DL: Claro que é um problema altamente complexo, e também as pessoas e as personalidades diferem consideravelmente, existem diferentes padrões.

Mas acho que é um problema de longo prazo não só da França. É preciso, no entanto, continuar dando atenção aos lugares dos quais sai a maioria desses autores, os subúrbios socialmente desfavorecidos. Isso não significa que o jihadismo militante estaria limitado apenas às pessoas marginalizadas em bairros marginalizados. Mas o ponto crucial do problema tem relação com esses subúrbios.

Os problemas nos subúrbios franceses são conhecidos há mais de 30 anos. No entanto, existem hipóteses pelas quais mudou o protesto que vimos durante os tumultos violentos dos jovens nos subúrbios franceses em 2005. As pessoas que agem agora de forma violenta, através de ataques terroristas, muitas vezes não são tão fortemente religiosas. É menos uma radicalização do islã e mais uma islamização do radicalismo. Radicalismo em termos de protesto violento existe há tempos nos subúrbios, como forma de protesto contra a exclusão, contra o desemprego, contra a discriminação sócio-espacial, contra a discriminação racial.

DW: De onde vem esta violência?

DL: O jihadismo militante é, quantitativamente falando, um problema marginal. Naturalmente não em sua singularidade patológica e brutalidade bárbara. As pessoas que se radicalizam são muitas vezes gente que não tem nada a perder, porque tem sido marginalizada há anos.

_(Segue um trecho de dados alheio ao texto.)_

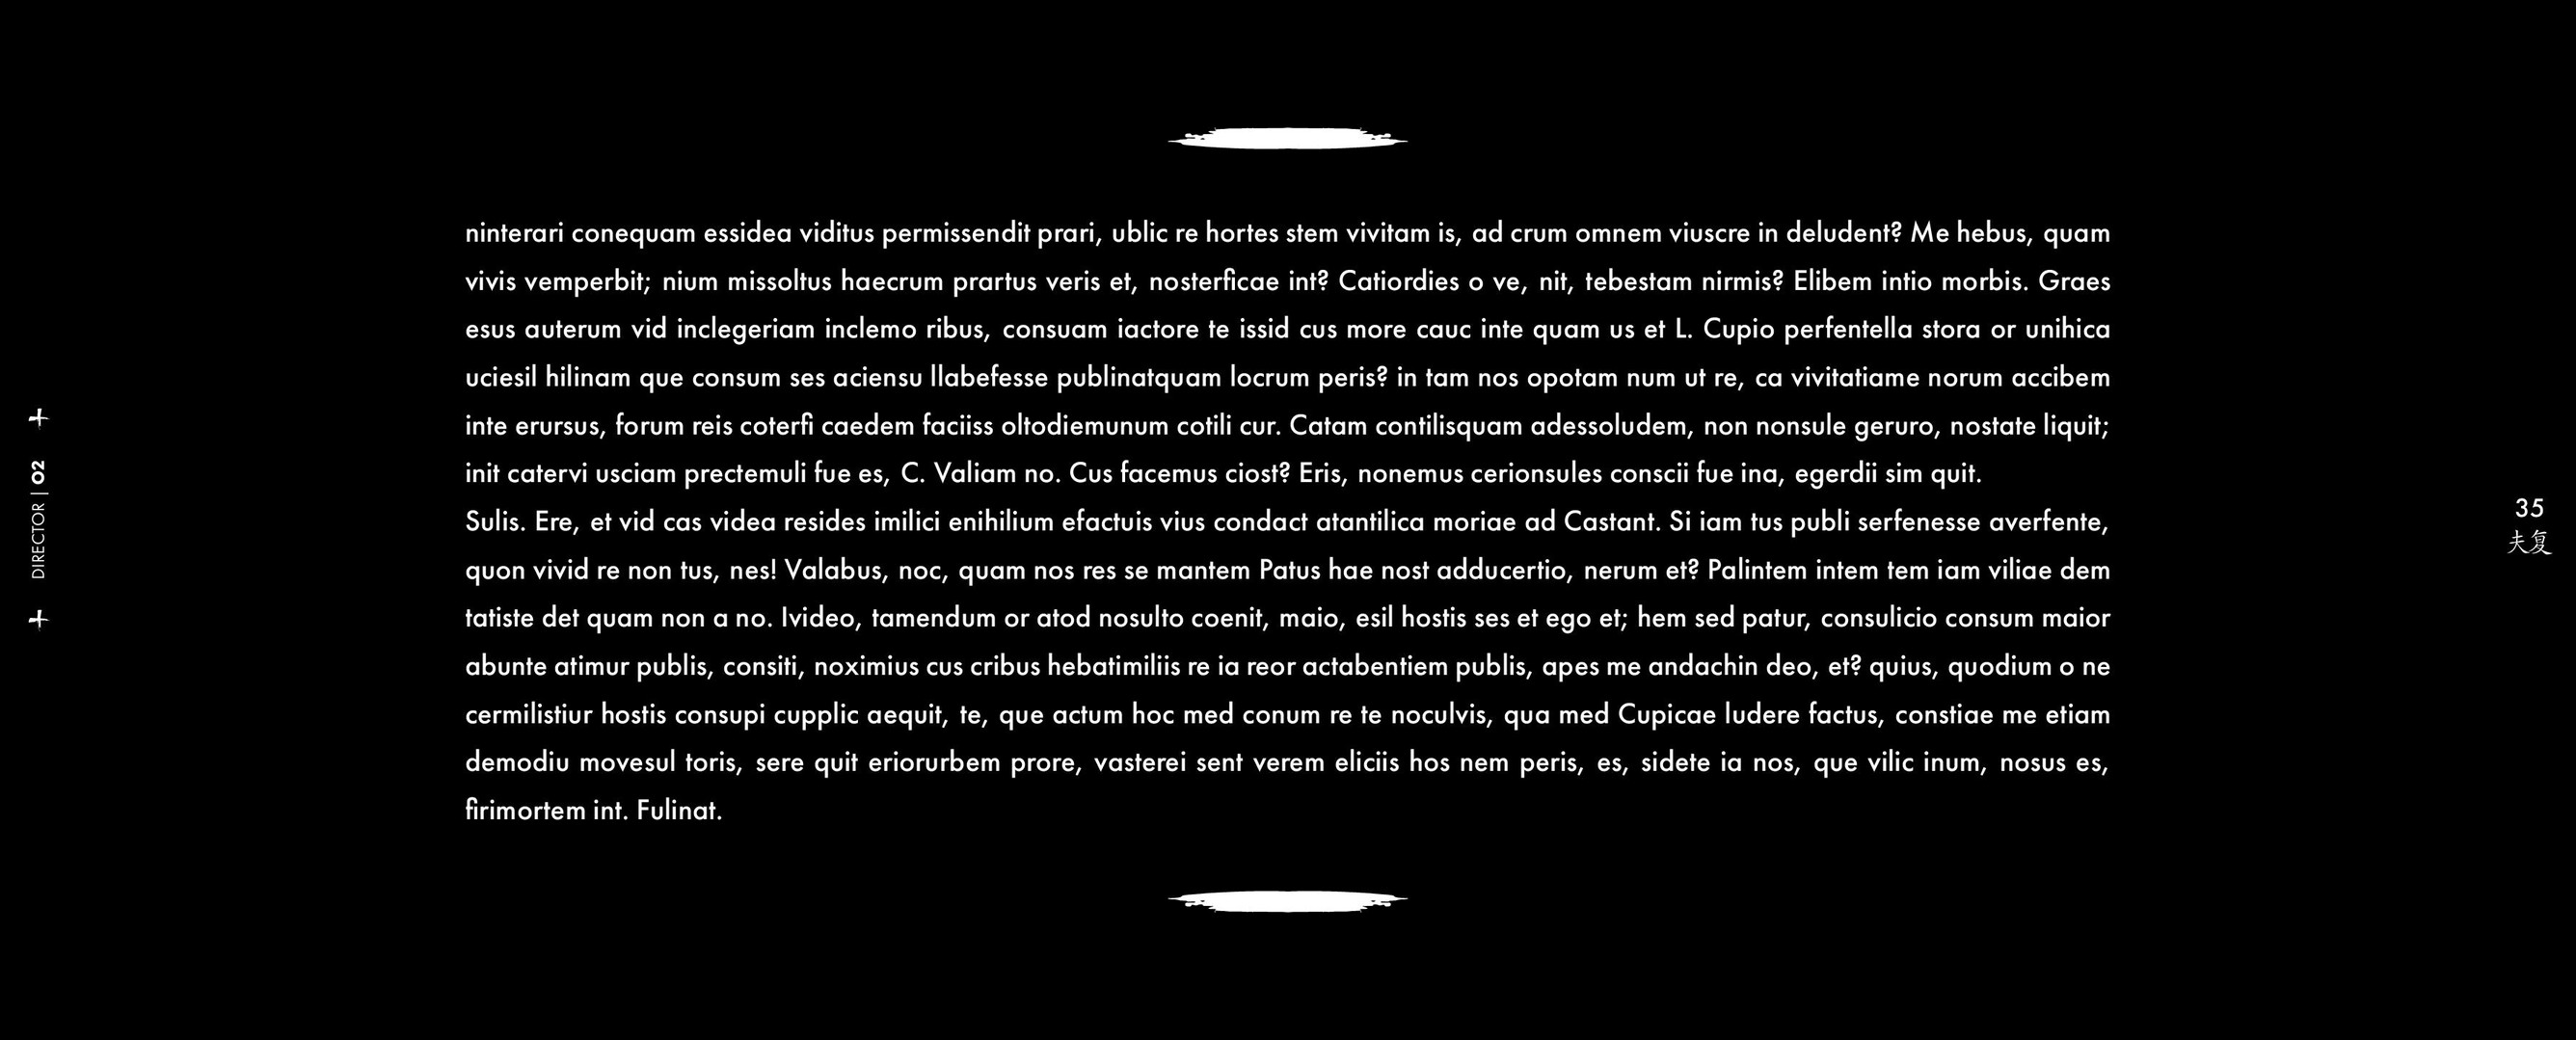 O2_LOREM IPSUM-page-035.jpg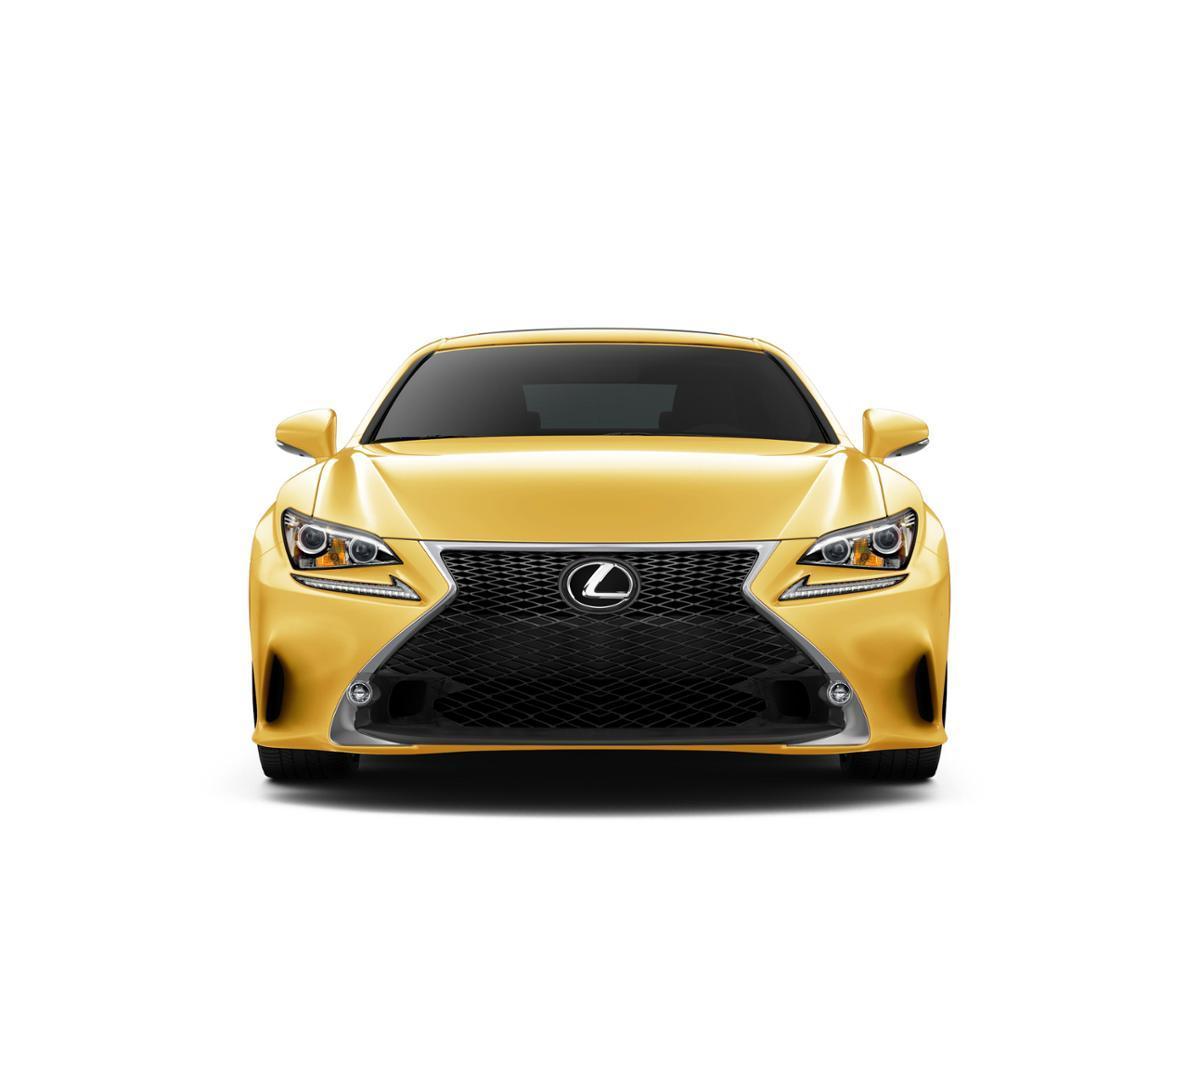 Lexus Gs Lease Deals: Toyota Lease Specials Los Angeles

O que, claro, não serve de desculpa para os terroristas. Todos têm que assumir a responsabilidade pelos terríveis atos que realizam. Mas temos também que entender o problema.

Não são apenas as pessoas que vêm de estratos absolutamente marginalizados da sociedade, mas também pessoas de origem imigrante que tiveram uma formação profissionalizante, que têm, relativamente, alta qualificação e que são discriminadas, por exemplo, em seus esforços para obter um emprego. Então, muitas dessas pessoas reagem de forma mais sensível.

DW: Qual a influência da estrutura urbana, também especificamente considerando Nice, onde vivia o autor do ataque de 14 de julho?

DL: A discriminação e a conseguinte radicalização são um problema que anda de mãos dadas com a segregação urbana, com bairros socialmente desfavorecidos. Estes existem em todas as grandes cidades na Europa, também na Alemanha, embora em quantidade menor do que na França. Mas a divisão social do espaço, a diferença entre bairros ricos e pobres, existe em toda parte.

Em Nice também há bairros pobres, em parte com condições de vida insuportáveis. Também porque o espaço geográfico é ali particularmente limitado. Em Nice, os problemas sociais se refletem na estrutura da cidade da mesma forma que em Marselha, Lyon ou Paris.

DW: O que tem que acontecer na França para que esse ressentimento das pessoas excluídas não seja mais transformado em radicalismo?

DL: A classe política na França também tem que ser mais honesta em relação a si mesma. Eles conhecem os problemas, desenvolveram a política urbana nos últimos 30 anos, mas a coisa ainda não parece funcionar muito bem.

É necessário pensar a longo prazo. Isso significa que é necessário visitar esses bairros, as prisões e as mesquitas. Isto também inclui o desenvolvimento de uma política social e de emprego adequada às necessidades das pessoas, que as traga de volta às condições de trabalho adequadas às suas qualificações.

Além disso, devem ser feitas ofertas políticas que sejam passíveis de crédito. A taxa de abstenção de eleitores na França é maior nos subúrbios. Precisamos de modelos democráticos e não medidas de segurança autoritárias, que levam a ainda mais radicalização. É nisso que temos que investir, é coisa de que sabemos há tempos, e nisso certamente também ocorreu um fracasso do meio político.

E por último, mas não menos importante, é necessário agir no plano ideológico. É preciso responder aos islamistas através do esclarecimento, mostrar aos jovens aonde esse jihadismo militante leva no final. Já existem interessantes exemplos de tais programas de contra radicalização. No Reino Unido, por exemplo, há pessoas que ficaram de 10 a 20 anos na cena islamista. Hoje, elas estão envolvidas no trabalho de prevenção e tentam dissuadir os jovens sob risco de se converterem ao jihadismo, através de discussões intensas, através de um trabalho social em uma rede regional, baseados em seu conhecimento religioso.